Twitter reacts with humour as Theresa May faces confidence vote over Brexit
British Twitter users have responded to the latest round of political chaos in the only way they know how: humour.
The bid to oust Theresa May got off to a flying start on Wednesday morning as the letter announcing the vote contained a glaring typo, referring to Sir Graham Brady as the “chairmam” of the 1922 Committee.
One Twitter user, @RaeEarl, posted a picture of the letter and asked: “Is a ‘Chairmam’ a posh boy term I haven’t heard yet?”
@Estwebber quipped: “What I’m calling my mum from now on #chairmam”
And the eagle-eyed @OwsWills noted a Wikipedia editor had already amended Sir Graham’s page to reflect his new role as ‘chairmam’.
“Very good, Wikipedia. Very good,” he wrote.
Many Twitter users reflected on the current situation in Westminster as entirely of the Conservative Party’s making, naming David Cameron’s pledge in the 2015 election to hold a referendum on EU membership as the root cause.

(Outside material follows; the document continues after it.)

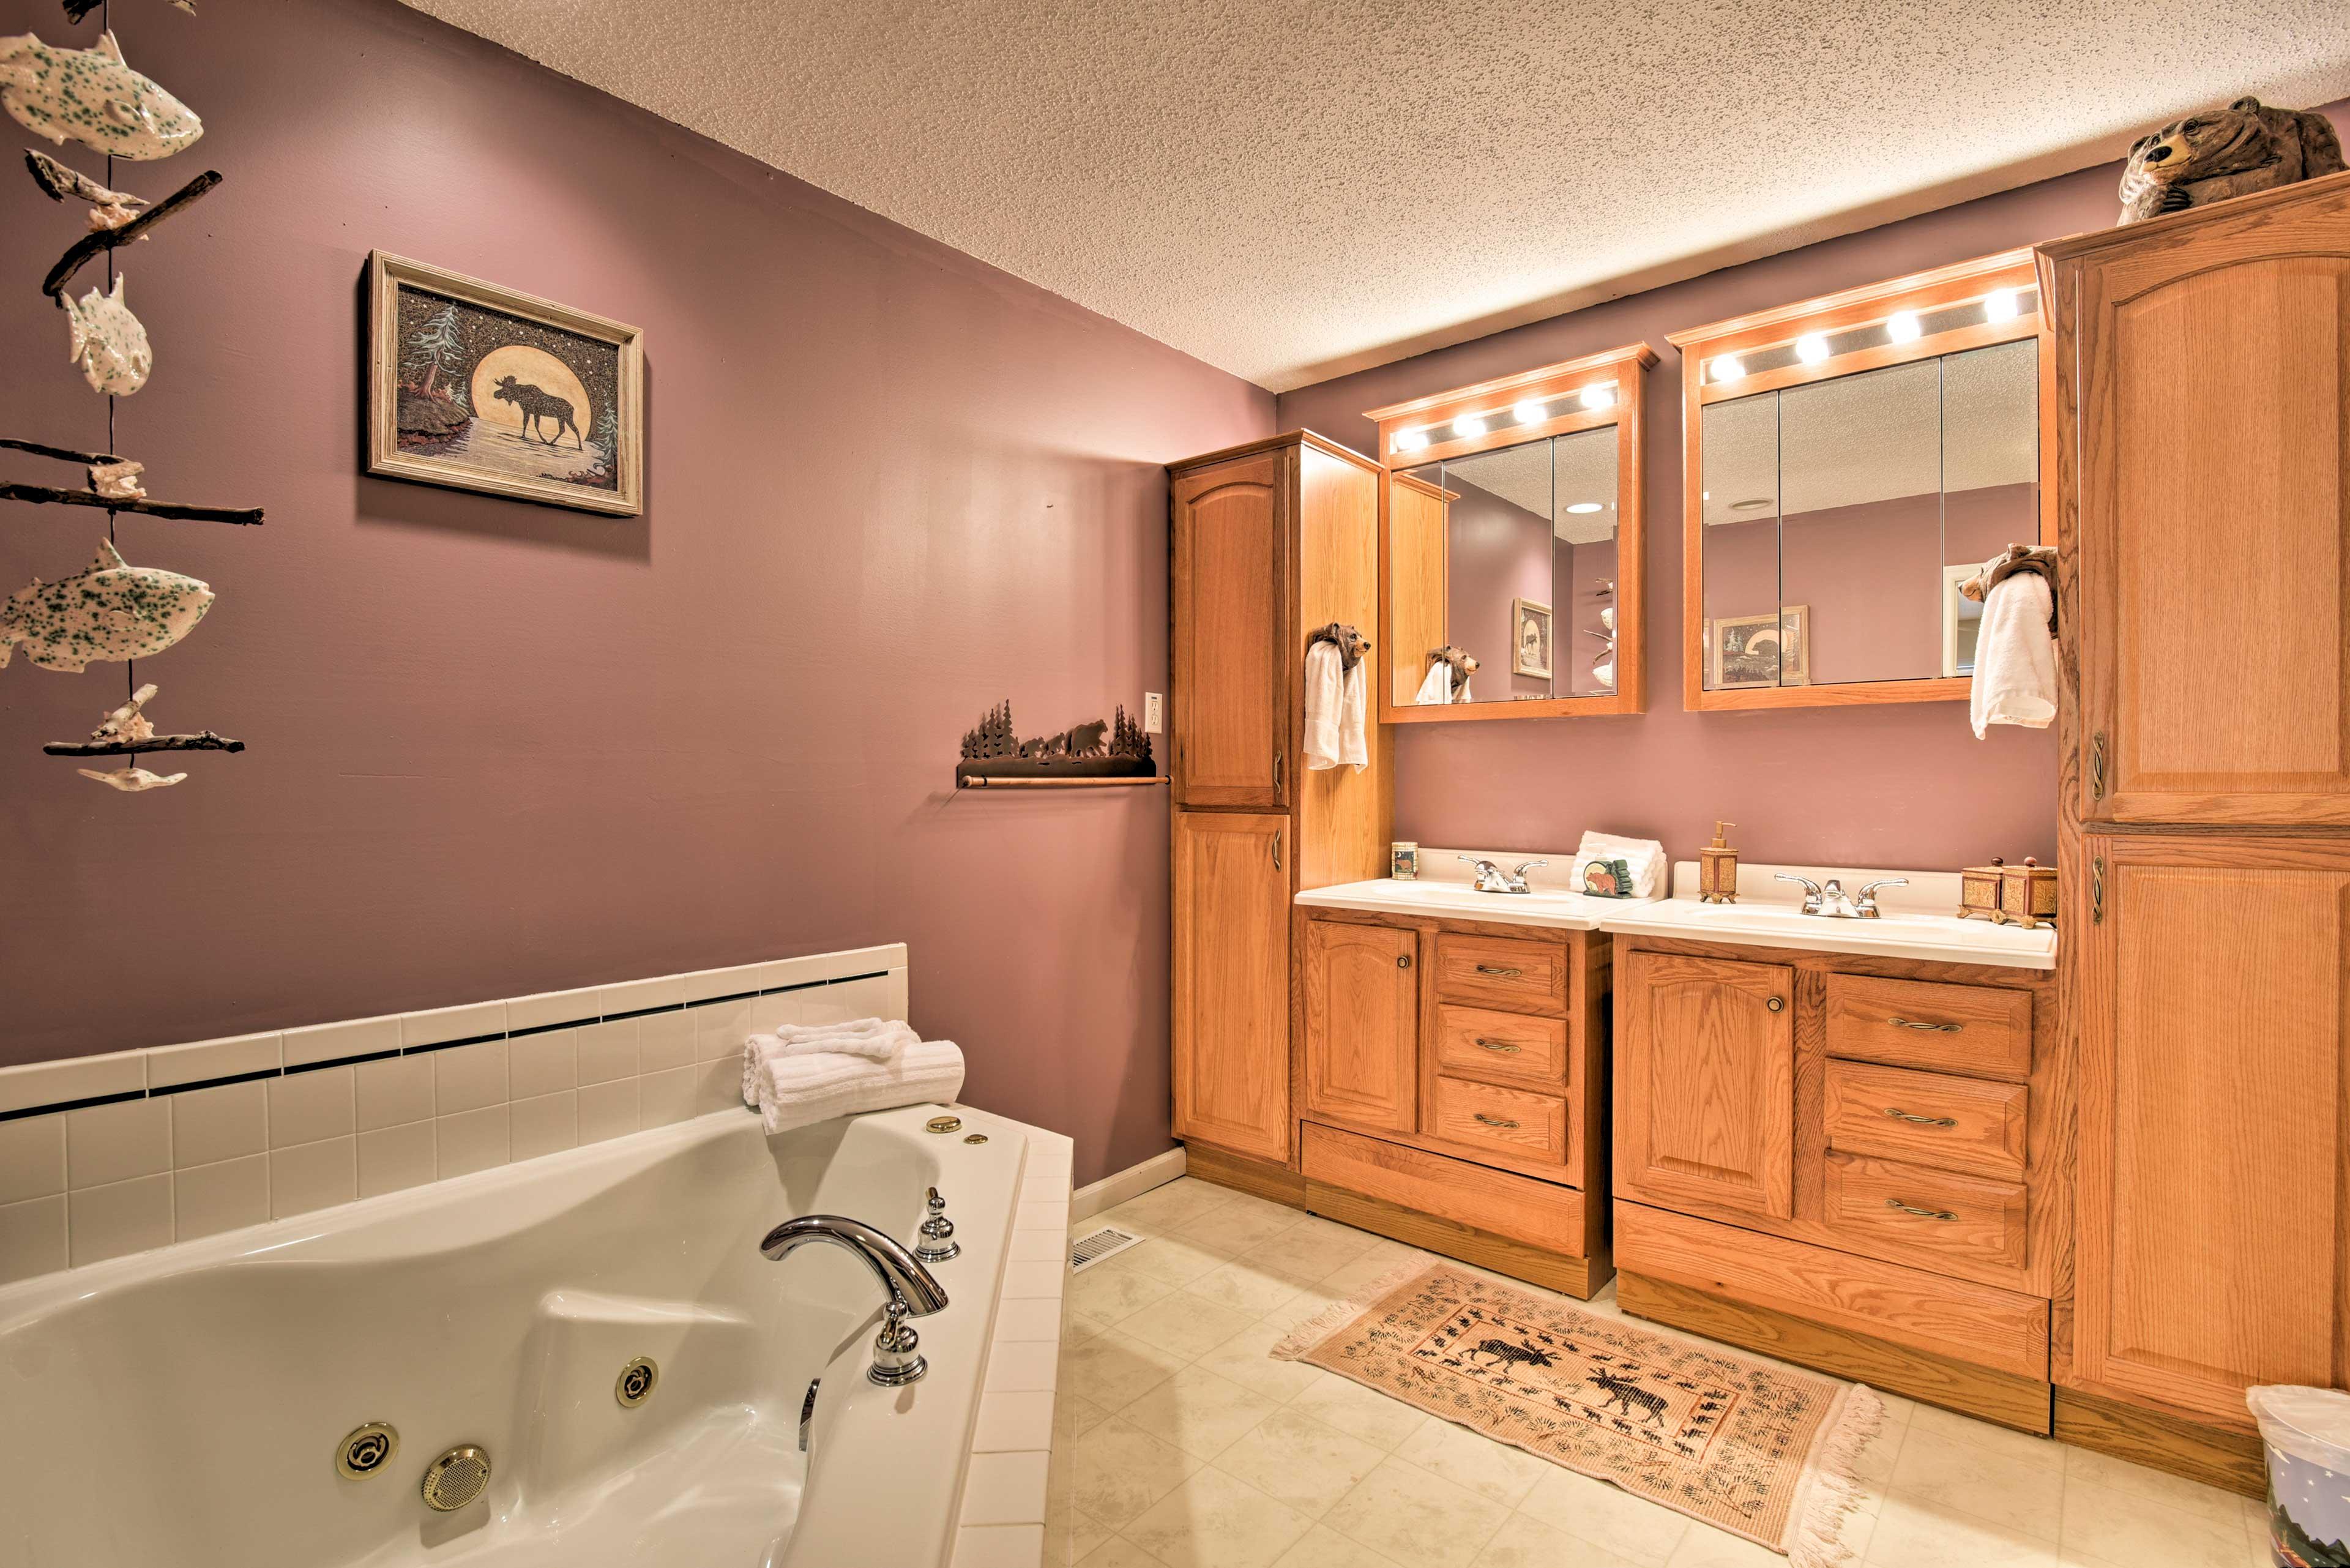 Take a relaxing soak in the tub.

“After two and a half years of nationwide chaos & confusion caused by Conservative infighting, the Conservatives have decided to do some more infighting,” wrote radio host James O’Brien.

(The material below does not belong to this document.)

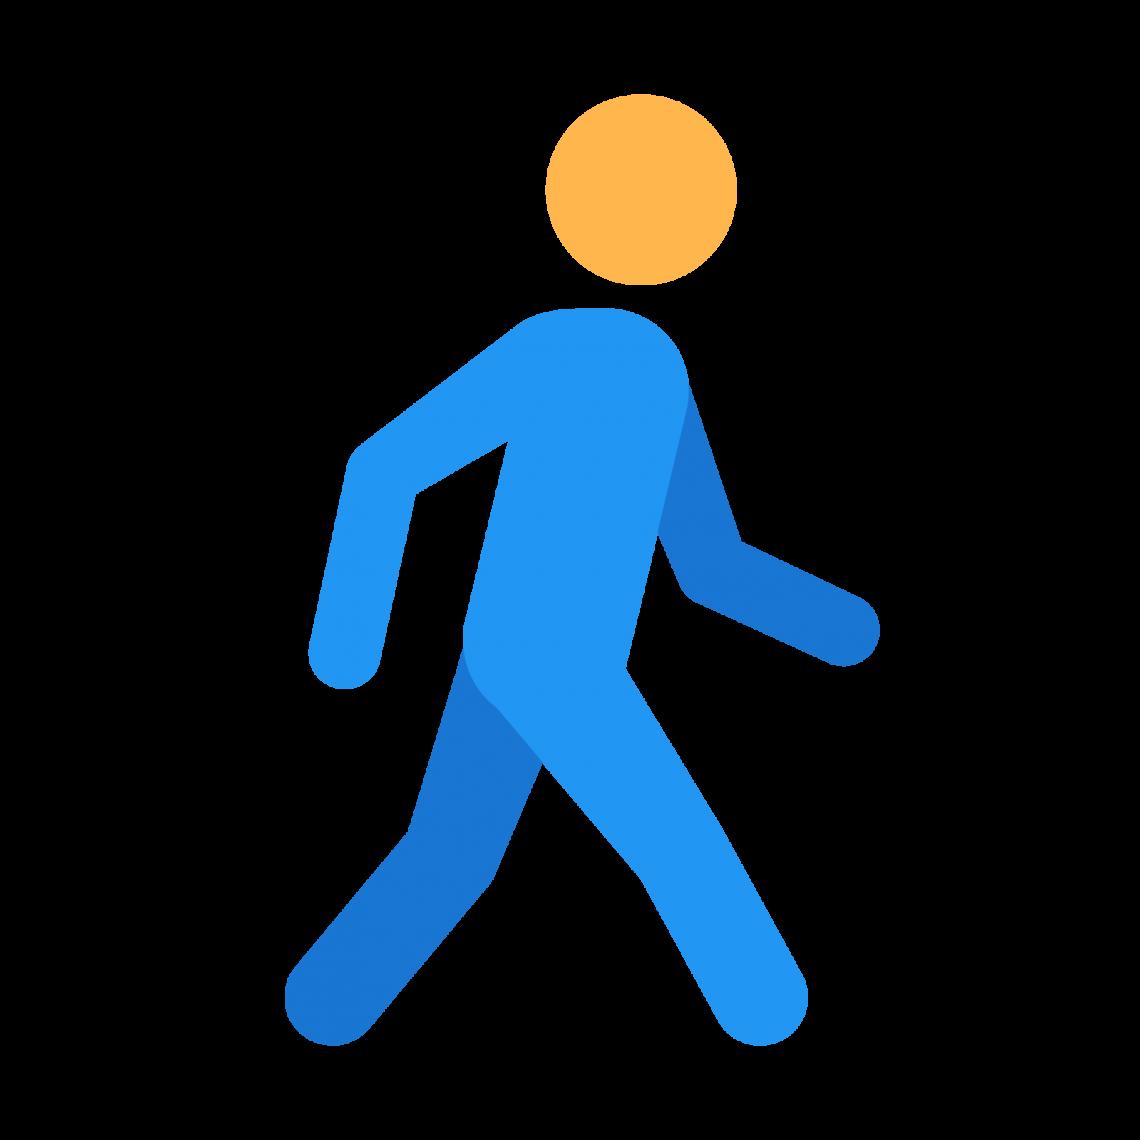 efek ajaib manfaat jalan kaki bagi tubuh

David Baddiel referenced the famous photo from 2015 which was thought to have damaged then-Labour leader Ed Miliband’s election chances.

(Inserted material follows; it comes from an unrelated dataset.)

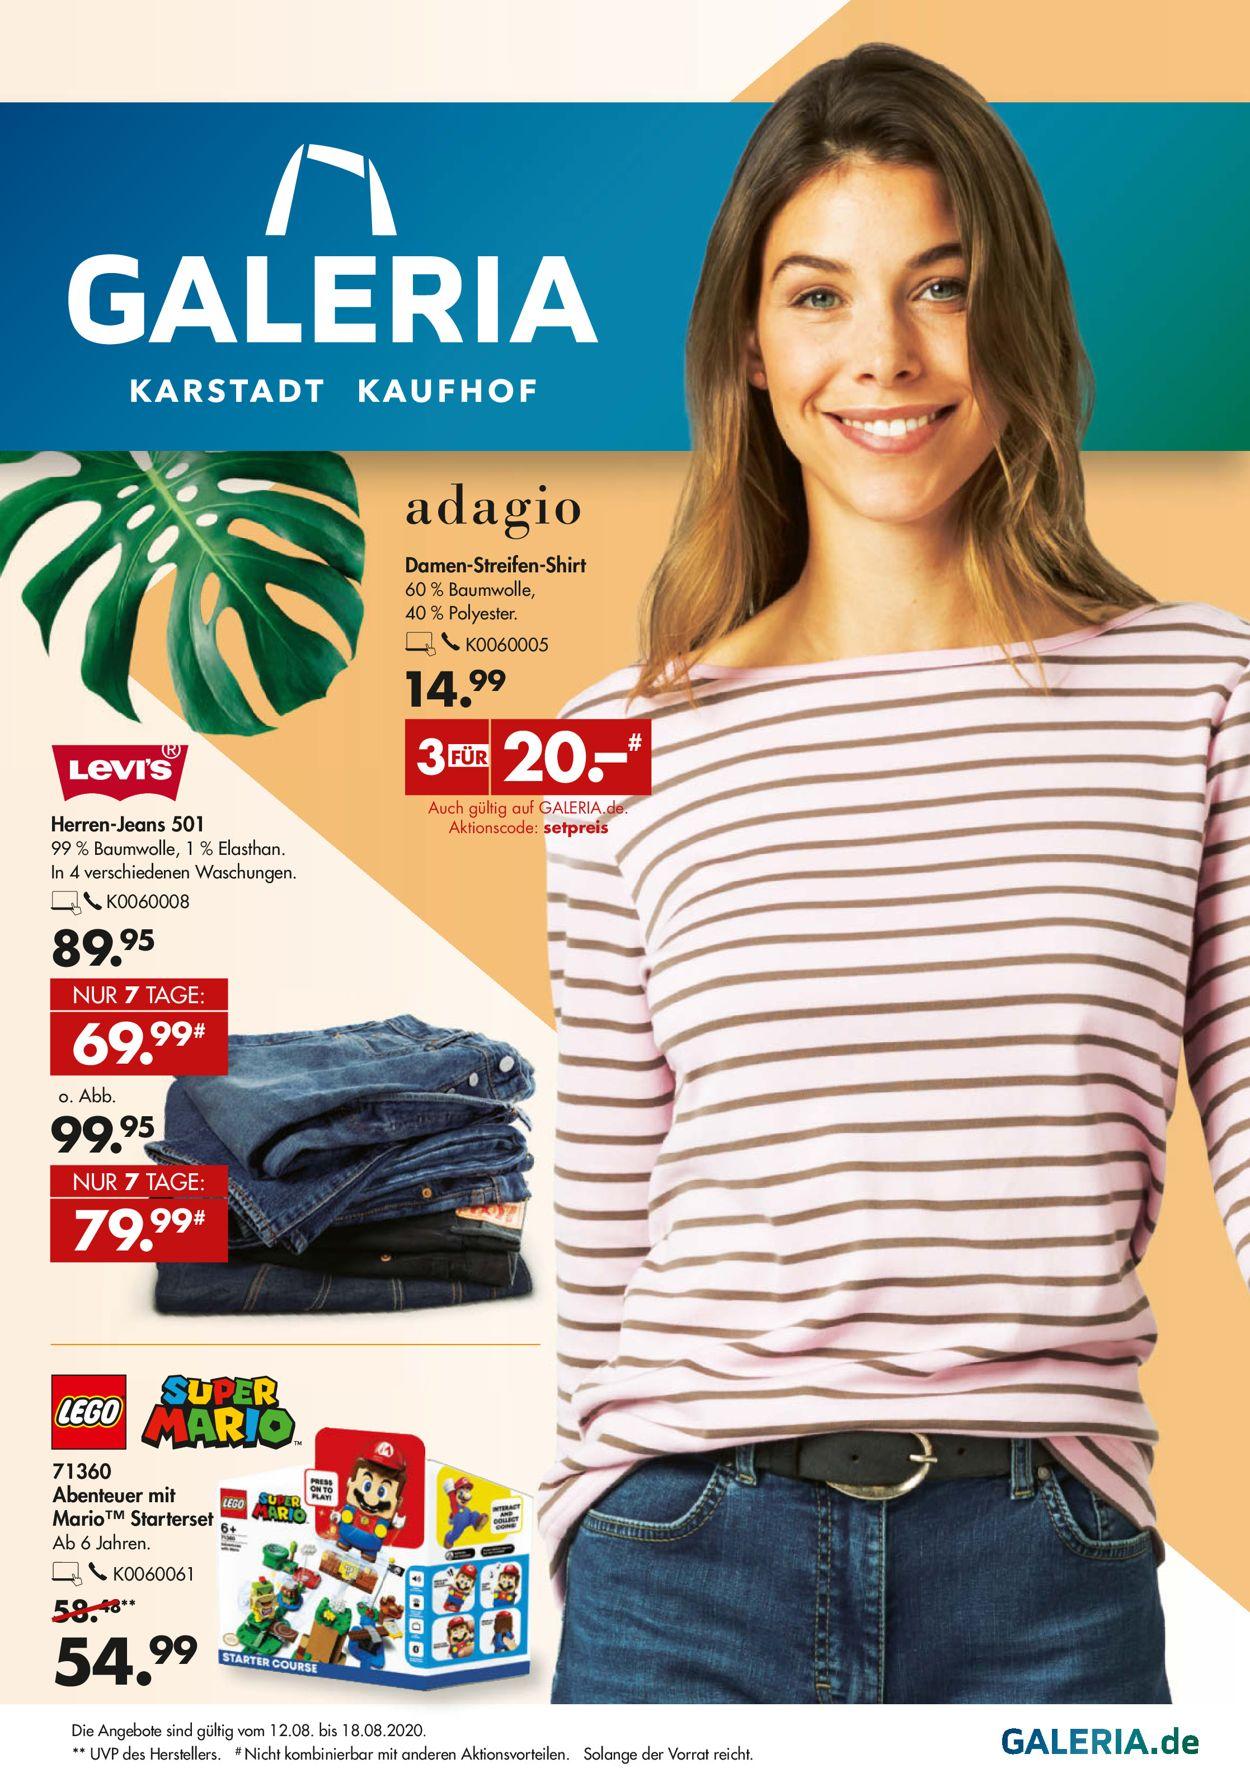 GALERIA Kaufhof Prospekt - Aktuell vom 12.08-18.08.2020

“Extraordinary to think that if Ed Miliband could’ve eaten a bacon sandwich slightly less weirdly, none of this might have happened. #NoConfidence #NoBrownSauce,” he tweeted.
Actor Chris Addison, famous for his role as a Labour aide in dark political comedy series The Thick Of It, described the Conservative Party as “essentially the world’s most tedious and deadly sixth-form debating society”.
Fellow actor Will Smith, who played Addison’s Tory opposite number in the same show, wrote: “Hearty congratulations once more to David Cameron on his plan to unify the Conservative Party.”
Cameron tweeted his support for May but British Twitter did not greet the intervention kindly as his tweet received more than 2,500 replies in less than an hour.
The former prime minister had largely stayed out of the limelight since resigning after the Brexit vote, making a rare reappearance in the headlines in 2017 with the news he had bought a £25,000 garden shed to write in.
“Back in the shed, Dave,” wrote Labour MP Owen Smith in response to his tweet.
And many other users took the opportunity to re-share Cameron’s tweet from 2015 when he claimed to give the UK a choice between “stability and strong Government with me, or chaos with Ed Miliband”.
Singer Billy Bragg wrote: “This tweet is more evergreen than our Christmas tree.”
The parallels between the Conservative Party going back on their decision to elect May as leader in 2016 and calls for a second referendum were not lost on many.
@TechnicallyRon wrote: “Wait, so the tories voted for May in 2016, have changed their minds, and want another vote?
“Seems like a good idea I wonder if we can implement this elsewhere.”
Author Matt Haig deadpanned: “I don’t know why the Tories keep wanting votes on things.
“I thought we had no more votes on things that were voted on before. I thought that was the way to preserve democracy.”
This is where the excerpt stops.